In the border space between El Paso and Ciudad Juárez, there is a deep horror that pervades the beautiful desert landscape. Over 500 women have disappeared while commuting back and forth from their homes in Mexico to the sweatshops just across the border in the U.S. These women are mothers, daughters, sisters, friends, and wives. Their voices deserve to be heard, and their names need to be remembered. Their lives are just as rich, beautiful, tragic and chaotic as my own, and yet they are snuffed out by a nameless evil. We must remember not only how they died - but how they lived.

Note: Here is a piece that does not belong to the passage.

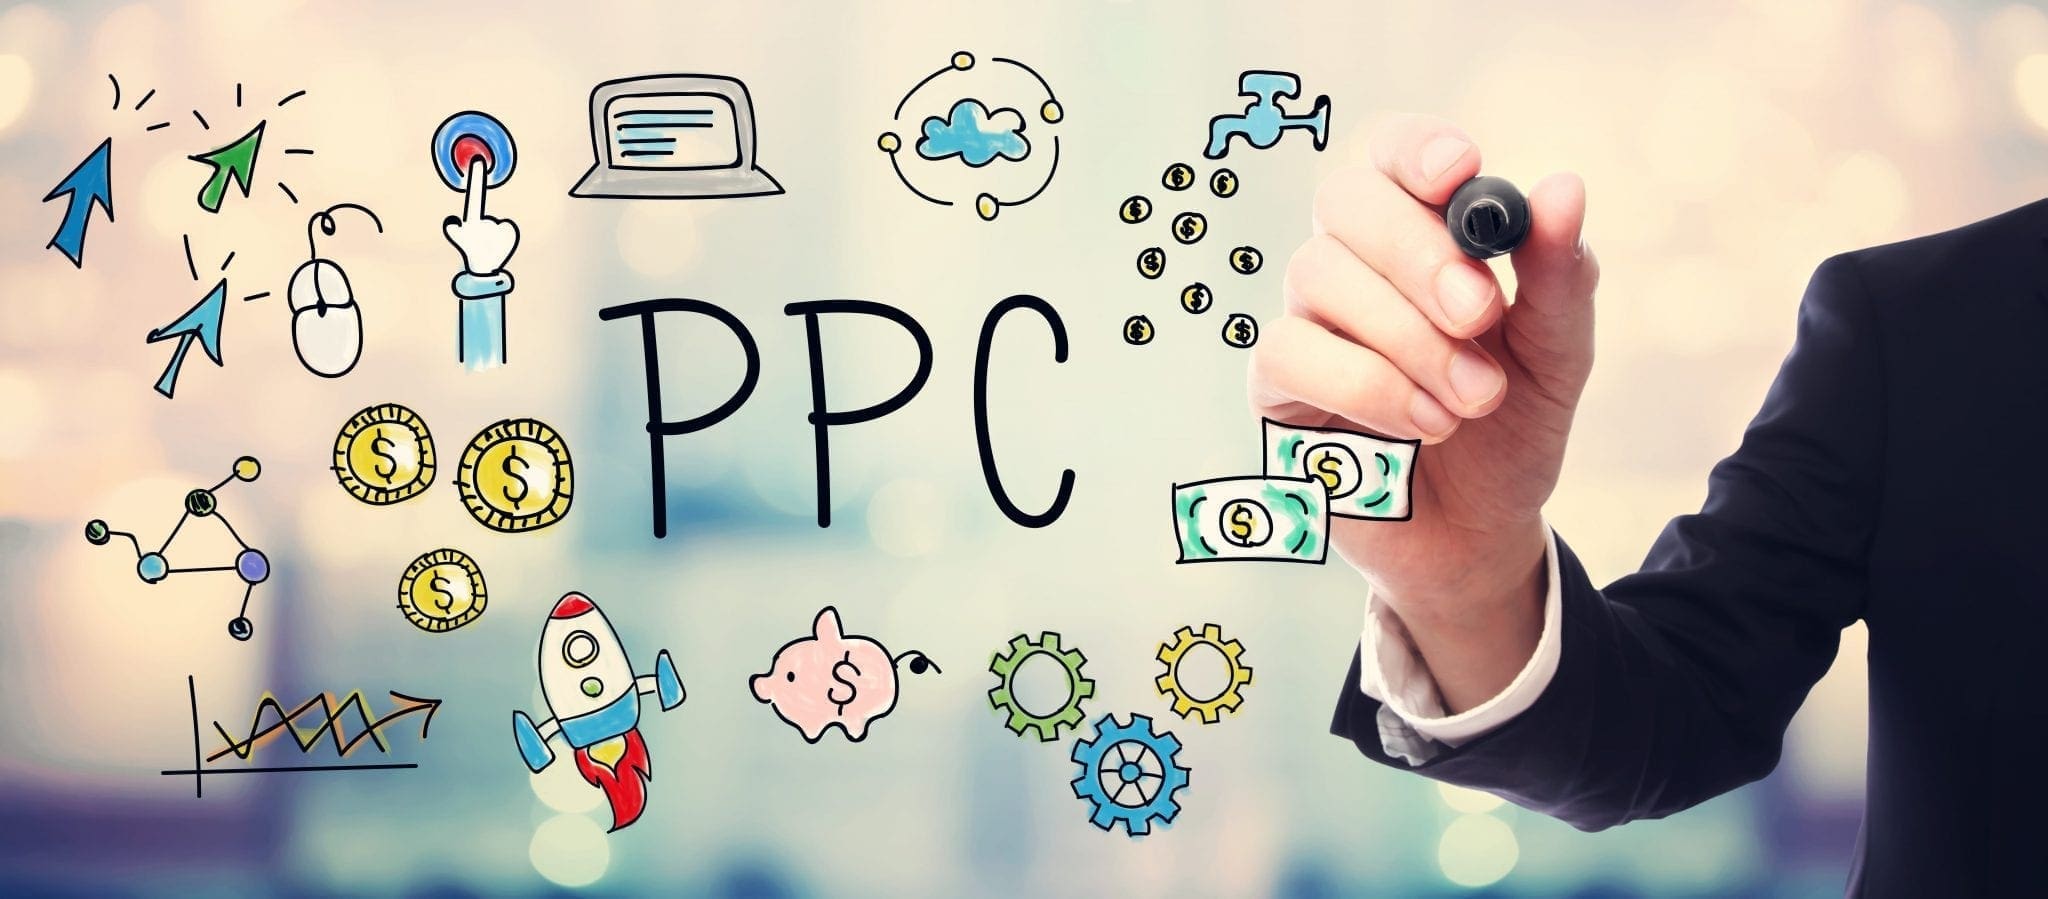 Pay Per Click (PPC) – Great ROI in the Right Hands

These are the Lost Women of Juárez, and they are not so different from me.
-Julianna Rubio Slager
How did you approach telling this difficult story?
I want the women in the show to be represented accurately, and through the lens of who they are and not what happened to them. Stories get sensationalized and then the women are exploited further. I wanted to tell the story of community and love and then show how these things disintegrate because of this great evil. The ballet ended up being very joyful; the beginning has a lot of ballet and folklórico blended together. A soloist comes out who represents the spirit of these women as they leave the earth and that’s when the ballet shifts. Dancers start leaving the stage slowly. I want the audience to not notice at first the cast is getting smaller and smaller, and then we’re left with one person on stage. To me, that is the story: that there is not much known about how these women are treated at the end. Their lives are snuffed out suddenly and tragically and there are a lot less Latina women in the world than there should be.